According to The Sun’s Harry Cole, Dry became the latest member of Sunak’s team to walk away from his position as he warned that “at least a decade of Labour rule” is on the cards.
It comes as Sir Simon Clarke, who called on Sunak to quit this week, compared himself to a man shouting “iceberg” in the face of approaching oblivion as he came under fire from senior Conservatives.
The former Cabinet minister insisted he was acting alone rather than as part of an orchestrated plot as he acknowledged a “pretty hostile” response from many Tory MPs.
Home Secretary James Cleverly was among a string of current and former ministers slapping down Sir Simon for his attack on Mr Sunak.
Sir Simon, who served as Liz Truss’s levelling-up secretary, said the Conservatives will be “massacred” at the general election unless Mr Sunak is replaced.
Labour leader Sir Keir Starmer seized on the latest wave of Tory unrest, saying it is another example of “party first, country second”.
Defending his own intervention, Sir Simon told BBC News: “No one likes that guy that’s shouting ‘iceberg’ but I suspect that people will be even less happy if we hit the iceberg.
“And we are on course to do that.
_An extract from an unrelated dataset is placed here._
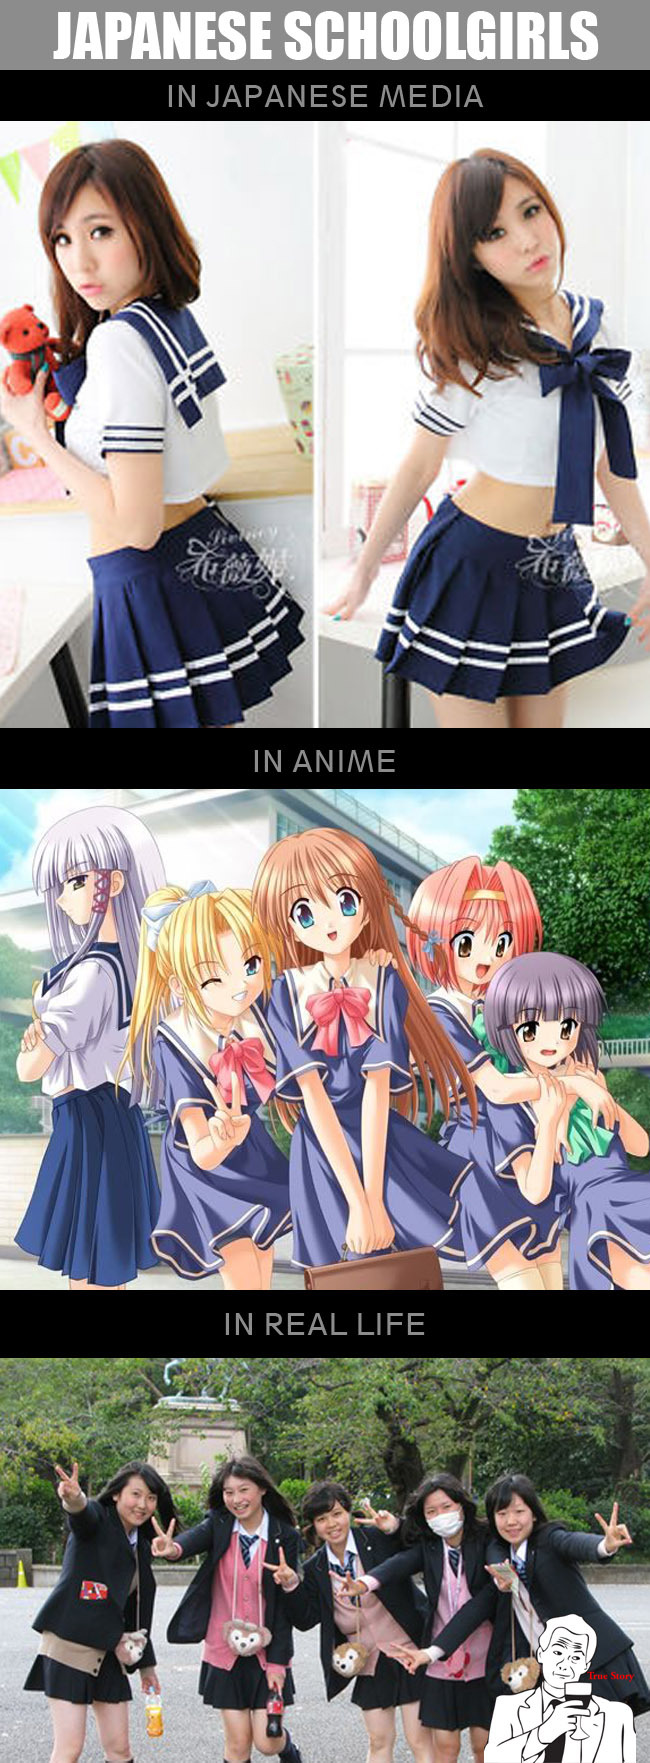 Japanese schoolgirls  - meme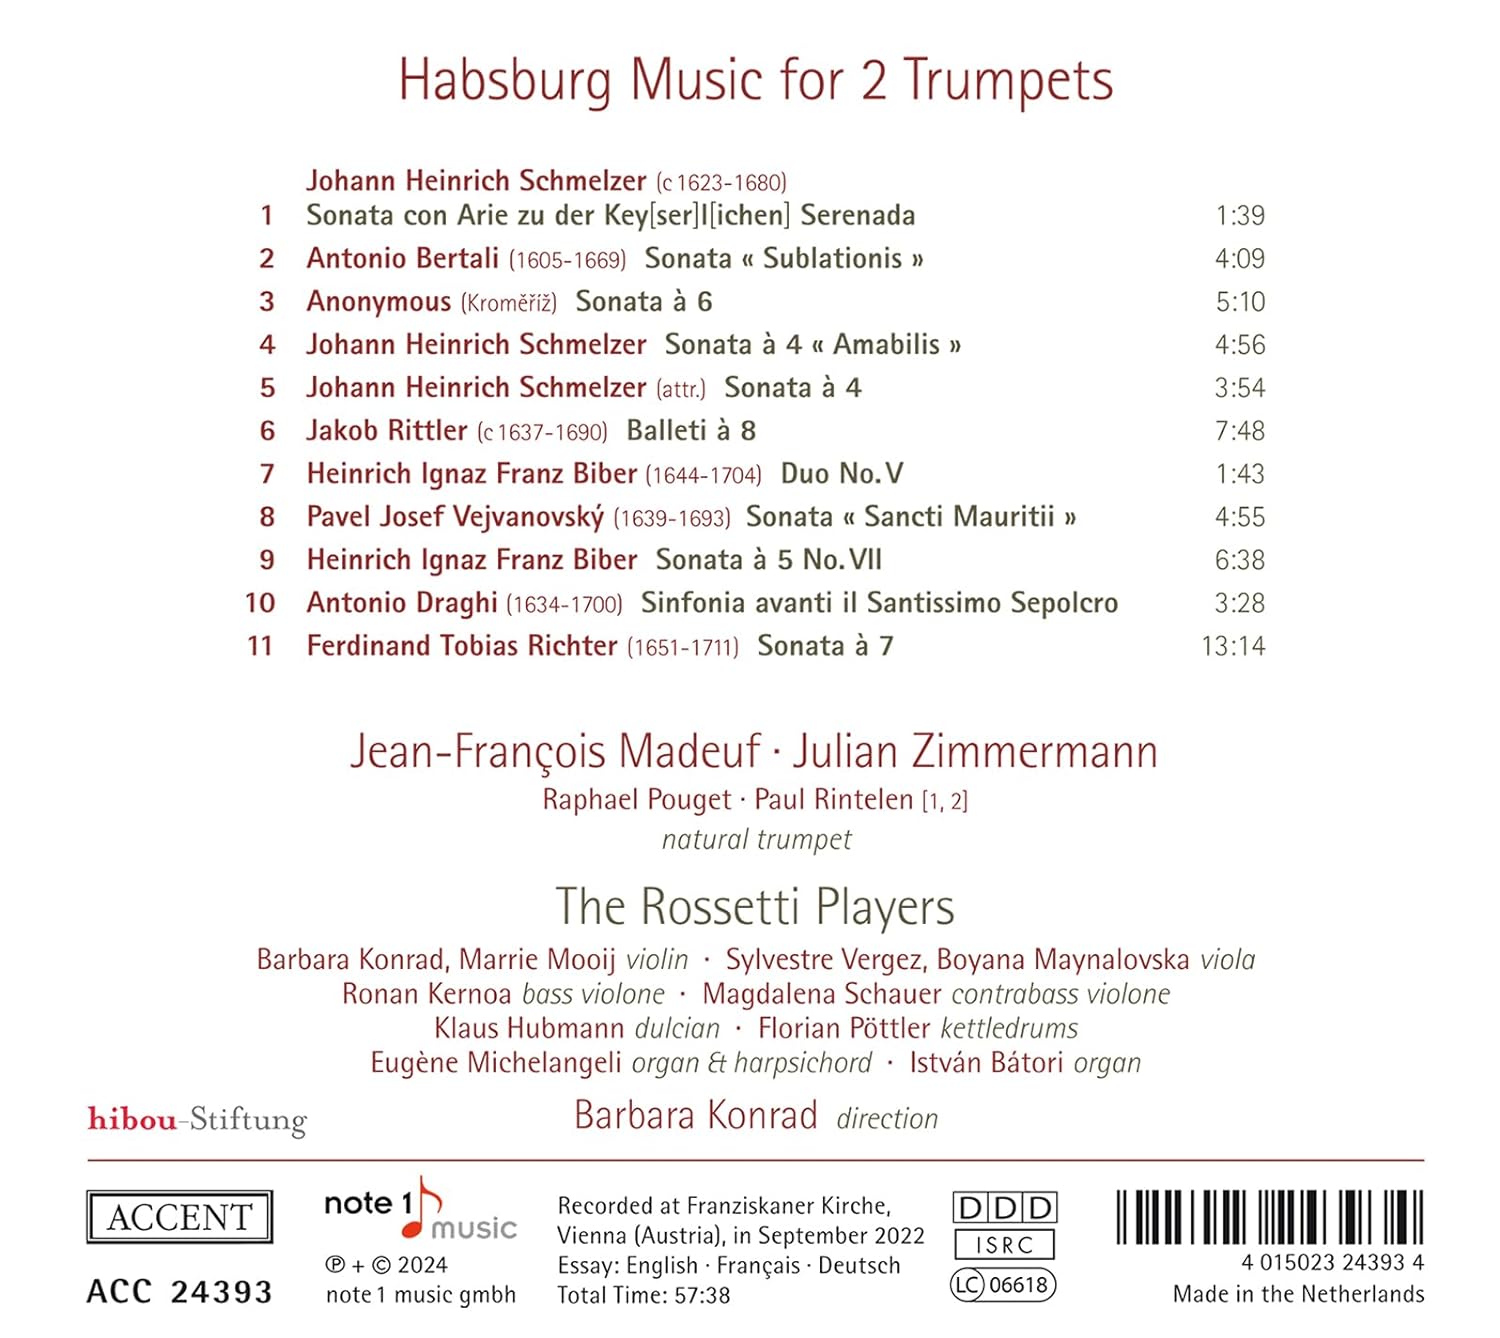 Jean-Francois Madeuf / Julian Zimmermann 두 대의 트럼펫을 위한 합스부르크 제국의 음악 - 슈멜처, 베르탈리, 비버, 리틀러 외 (Habsburg Music For Two Trumpets)

That is the point that I need to land with colleagues respectfully and calmly.
“We are not at the moment responding to the situation with the seriousness that it warrants.”
Sir Simon repeatedly declined to say who he wants to become Tory leader, but said there are a “number of people who could do it”.
“I don’t want to tarnish anyone by saying this. I’ve done this on my own, I’ve been really clear that I’ve done it deliberately on my own so I don’t make anyone else the subject of the sort of criticism that I’ve incurred,” he said.